**** DATA PROVIDED
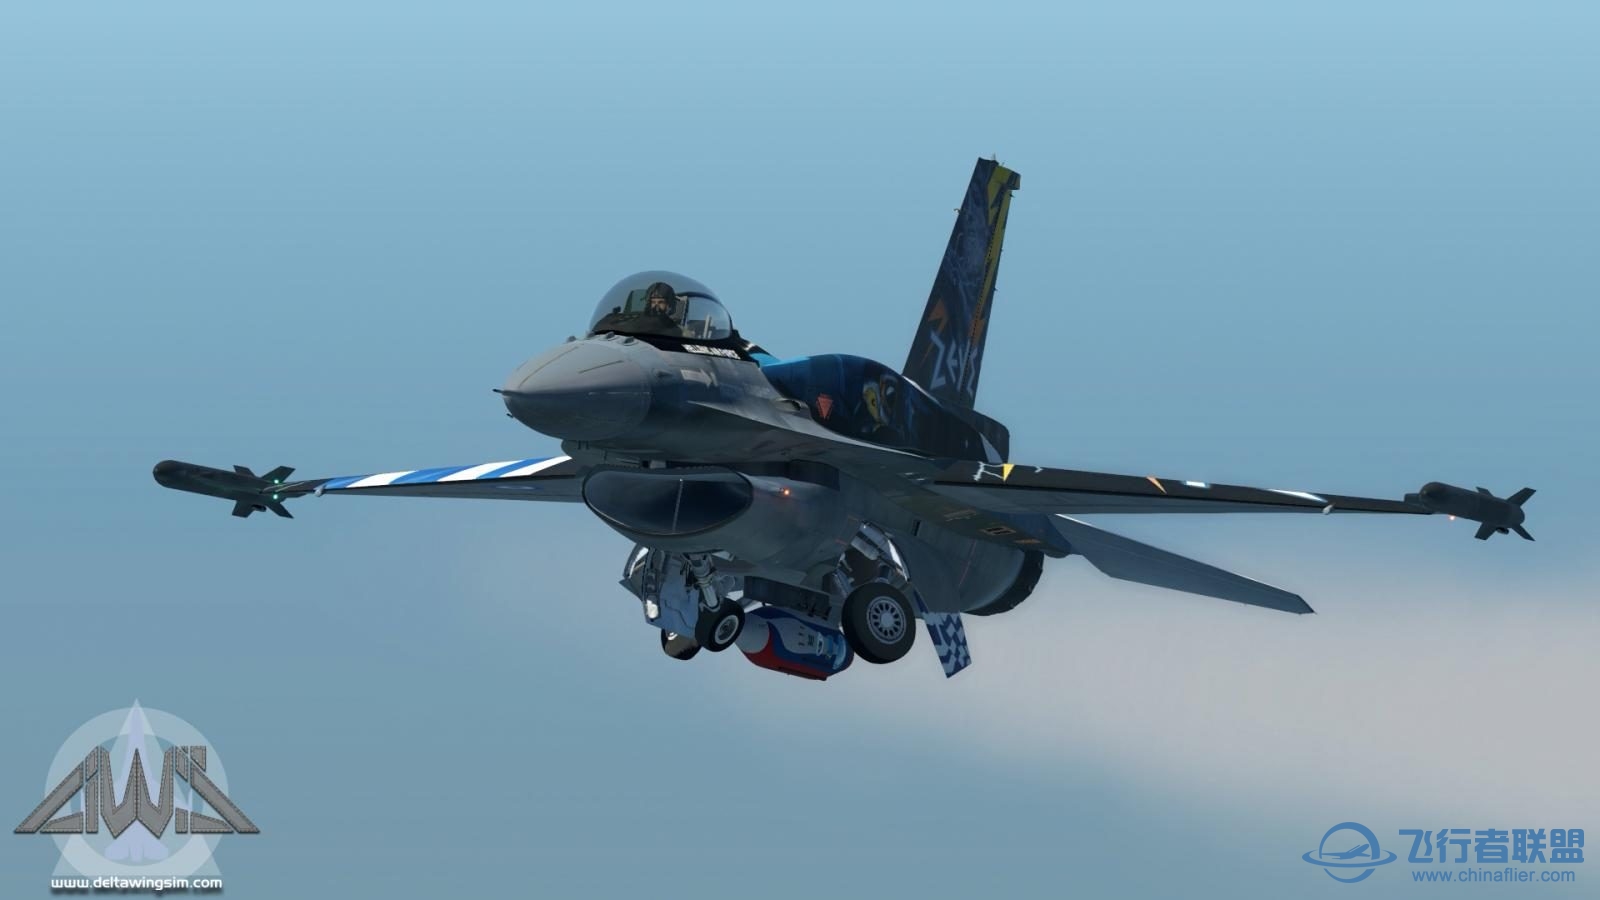 DeltaWing Simulations 发布 F-16C XPL-3270 
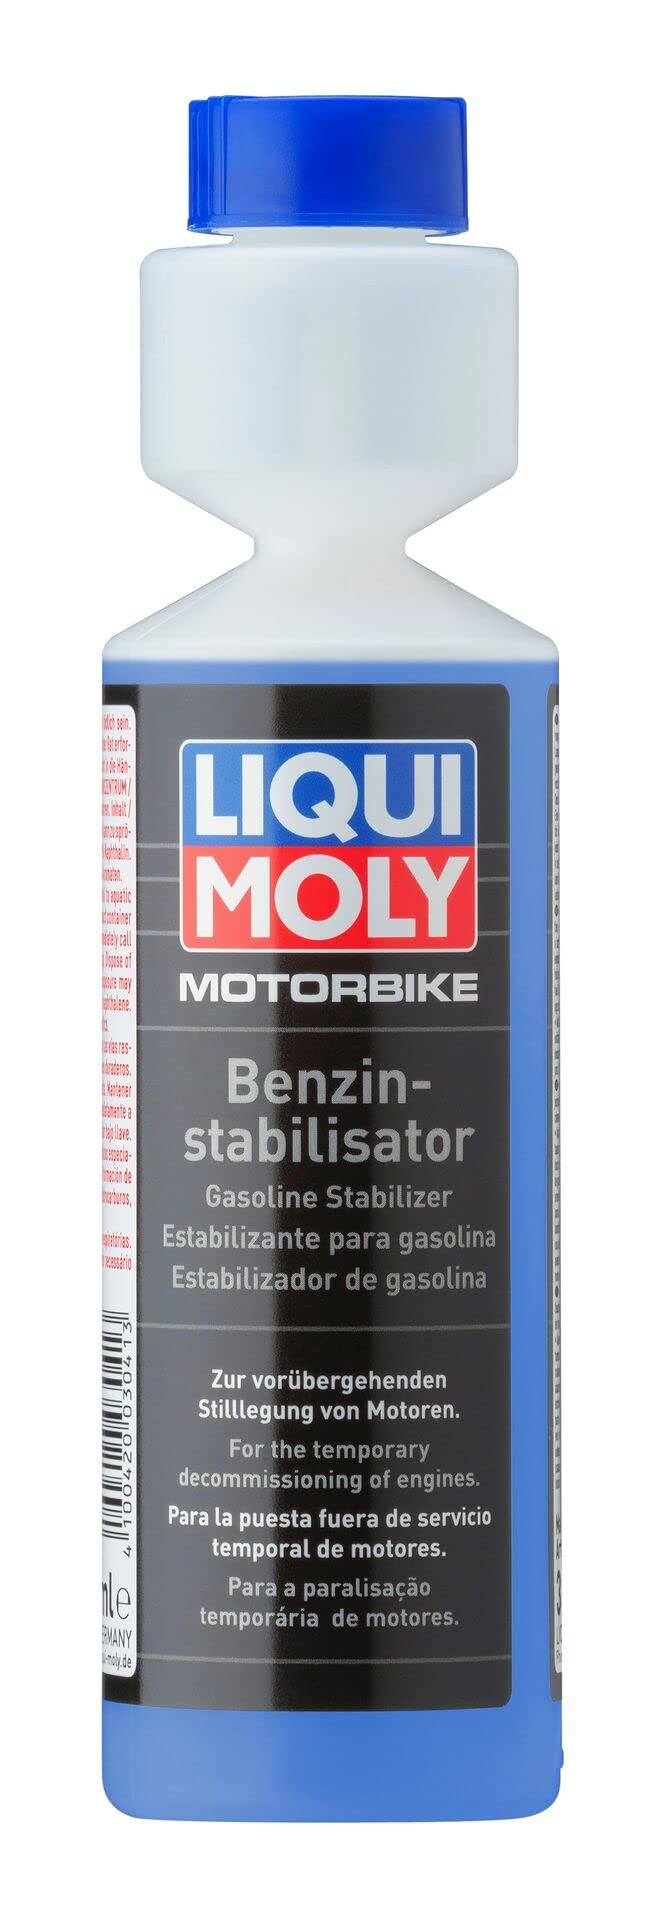 LIQUI MOLY Motorbike Benzinstabilisator | 250 ml | Motorrad Benzinadditiv | Art.-Nr.: 3041 von Liqui Moly
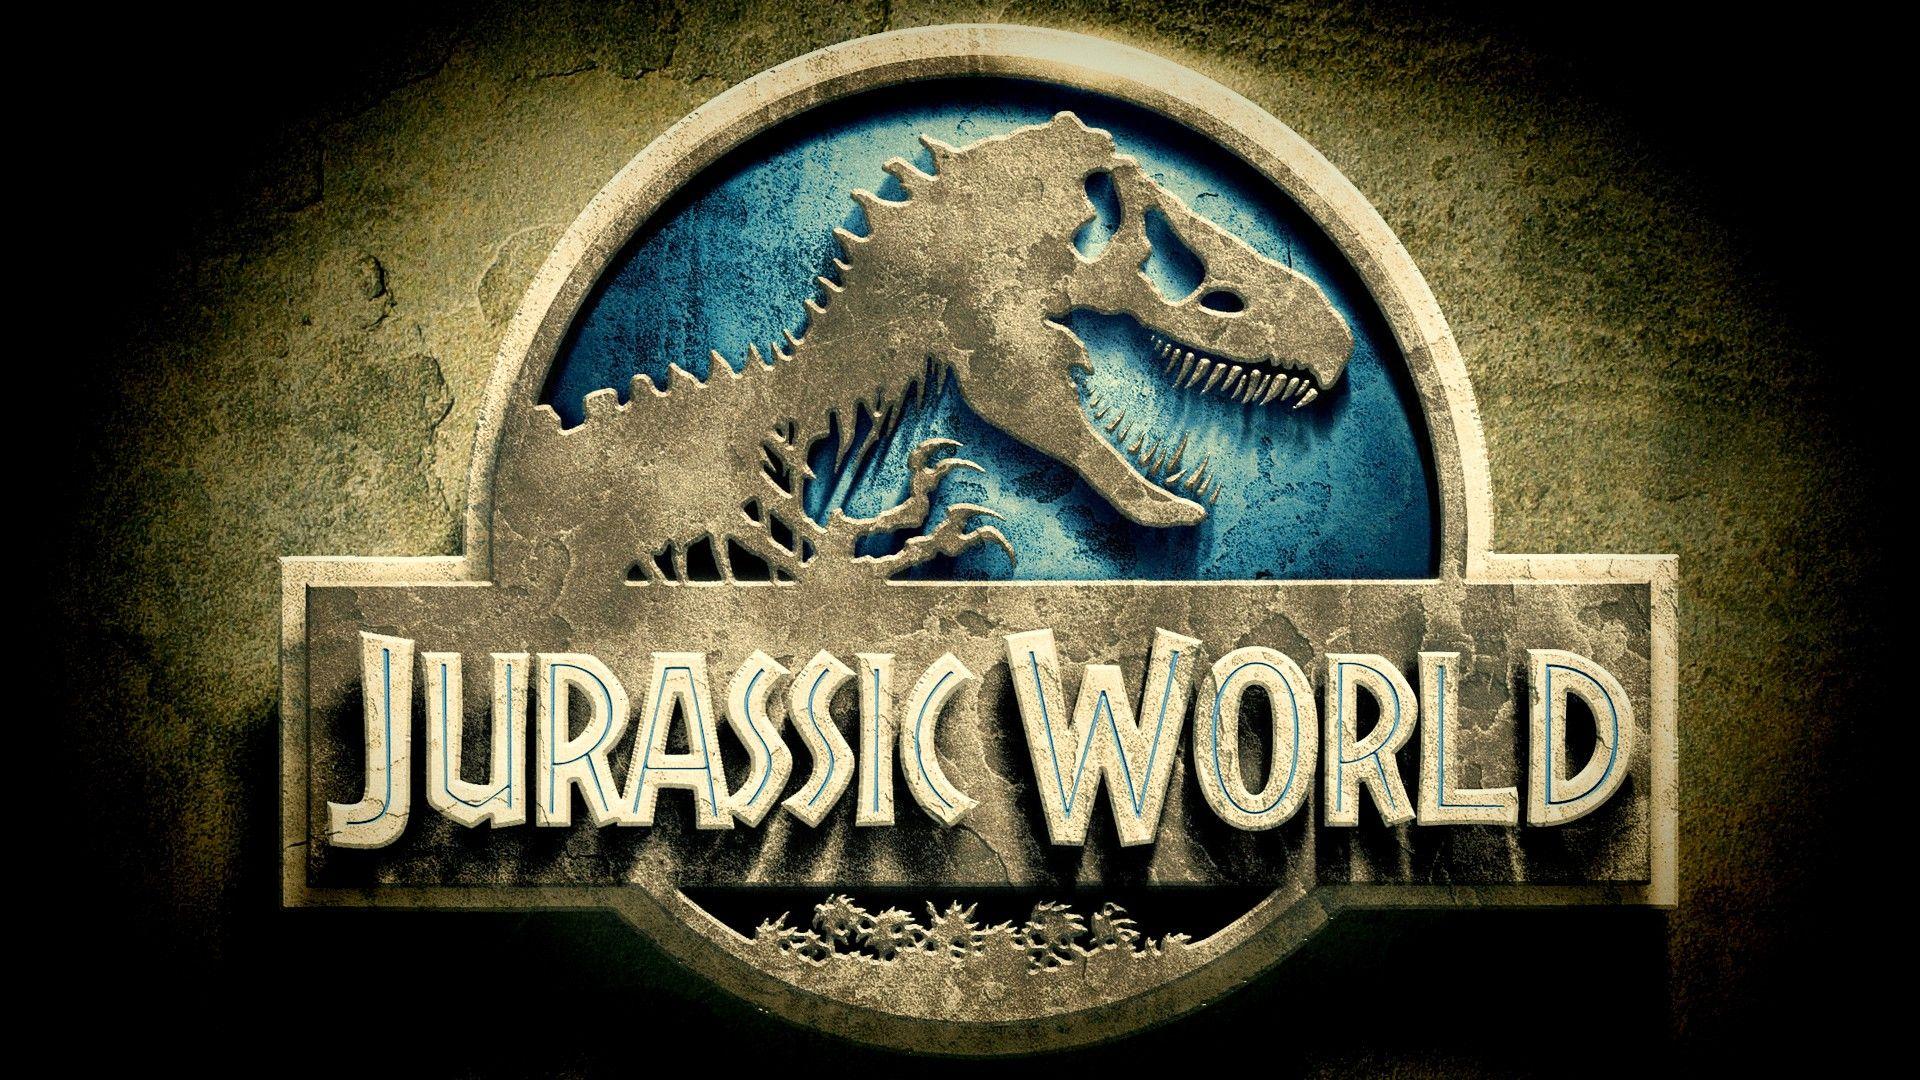 Jurassic World Movie Logo Wallpaper 49230 1920x1080px
********
◆ **INSTRUCTIONS FOR THE TASK**
From the line containing "LIQUI MOLY Motorbike" down to the last line of the data above, transcribe exactly those lines and no others; omit the pictures.

◆ **RESULT BELOW**
 LIQUI MOLY Motorbike Benzinstabilisator | 250 ml | Motorrad Benzinadditiv | Art.-Nr.: 3041 von Liqui Moly
 Jurassic World Movie Logo Wallpaper 49230 1920x1080px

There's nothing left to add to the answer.